Database tools have been around for a long time and are widely available. Most of them were developed to test databases by generating high volumes of data or extracting selected subsets, but some are specifically targeted at testing and can locate, obfuscate or create required data values.

The trick is that it’s tricky to selectively extract or create a meaningful, coherent set of data. By meaningful I mean that it contains the test conditions you are interested in, and by coherent I mean that all of the related data is included. It is not as easy as taking every Nth record or some flat percentage of the data: complex interrelationships must be maintained between data elements.

For example, testing customer orders might require the customer master record, any related contracts on file, all transactions for that customer, plus all of the warehouse locations, product inventories, shipping codes, commission records, and myriad other data elements that touch the customer or the transactions - or anything they touch.

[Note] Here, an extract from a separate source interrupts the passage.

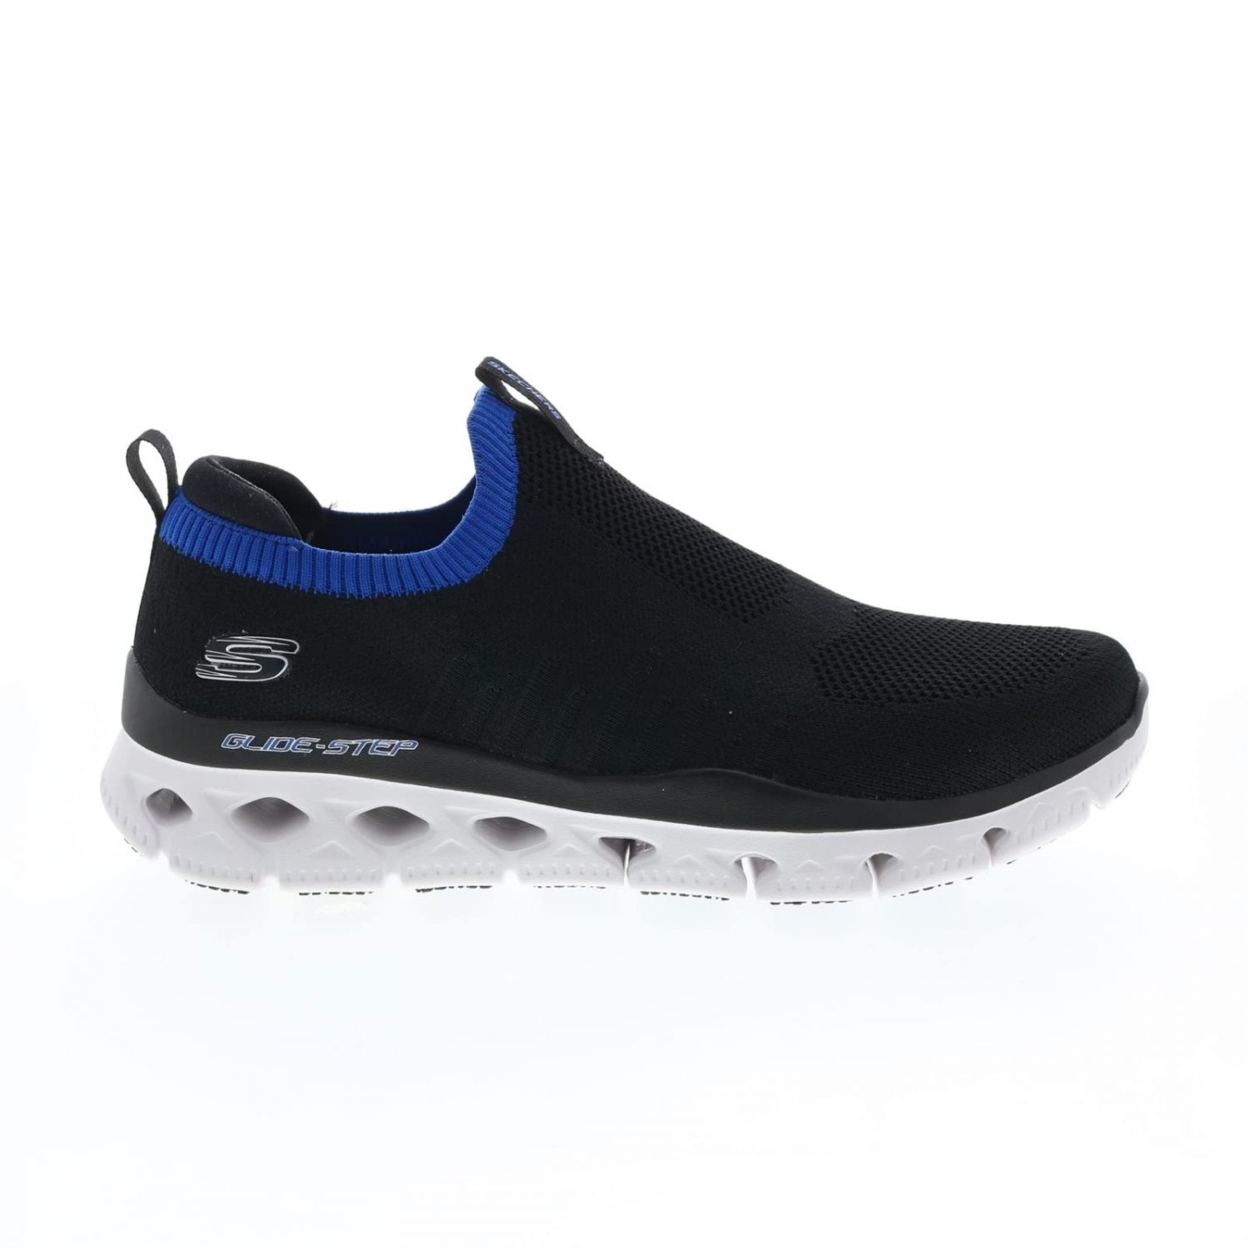 Skechers Mens Glide Step Flex Kitfix Lifestyle Sneakers Shoes BLACK/BLUE - BLACK/BLUE, 11

Furthermore, few applications operate on a single source of data. Many have interfaces to other applications that take the form of even more files in a wide array of formats. Some of these interfaces are real-time, some are batch, but all must be coordinated. While database tools may help you trace the relationships between tables and fields, they may break down when external files and formats are in the mix.

And finally there is the question of dates. Dates abound in most applications and are often central to calculations and event triggers. The date of an order may affect its pricing based on contractual terms. Posting a payment in one period versus another may create a late fee or interest charge. The dates of shipments or receipt of goods may trigger automated inventory orders, and so on and on. Database tools may know about table relationships but they don’t know about date dependencies.

My experience shows that despite their availability and relatively sophisticated capabilities, few of these tools are actually successfully deployed for testing because the effort and skills required to make them work is too high.

The Advantage of Automation

So what does work? Ironically, test automation presents both the challenge and the solution. It is the challenge because, as pointed out, automation won’t work without reusable test data. It is also the solution, though, because automation can create the data it needs.

Think about it. If you need a customer account with particular conditions for testing, you can either try to find it or you can create it. Finding it may take a lot of time and it may not even exist in the form you need. The advantage of creating it is that you know it exists and that has the right conditions because you put it there. Another plus is that the very act of creating the customer is, in itself, a test.

Manually creating all that data is not practical, but with automation it makes sense. Test automation tools can type in data quickly and accurately. By simply planning our your test cycle carefully, you can be sure that all the data you need is there how and when you need it…and expand your test coverage along the way. See "The Test Automation Timetable: Altered States" http://itmanagement.earthweb.com/entdev/article.php/622301 for more on automating data states.

Now this doesn’t mean you won’t need a starting point that includes basic master data. Believe it or not, trying to start with a blank database is almost impossible: there are far too many pointers, stored procedures, and other arcane contents that you could not understand, let alone create, in your lifetime. So you will still find yourself starting with some production or sandbox data just as a backdrop, but you won’t use most of it.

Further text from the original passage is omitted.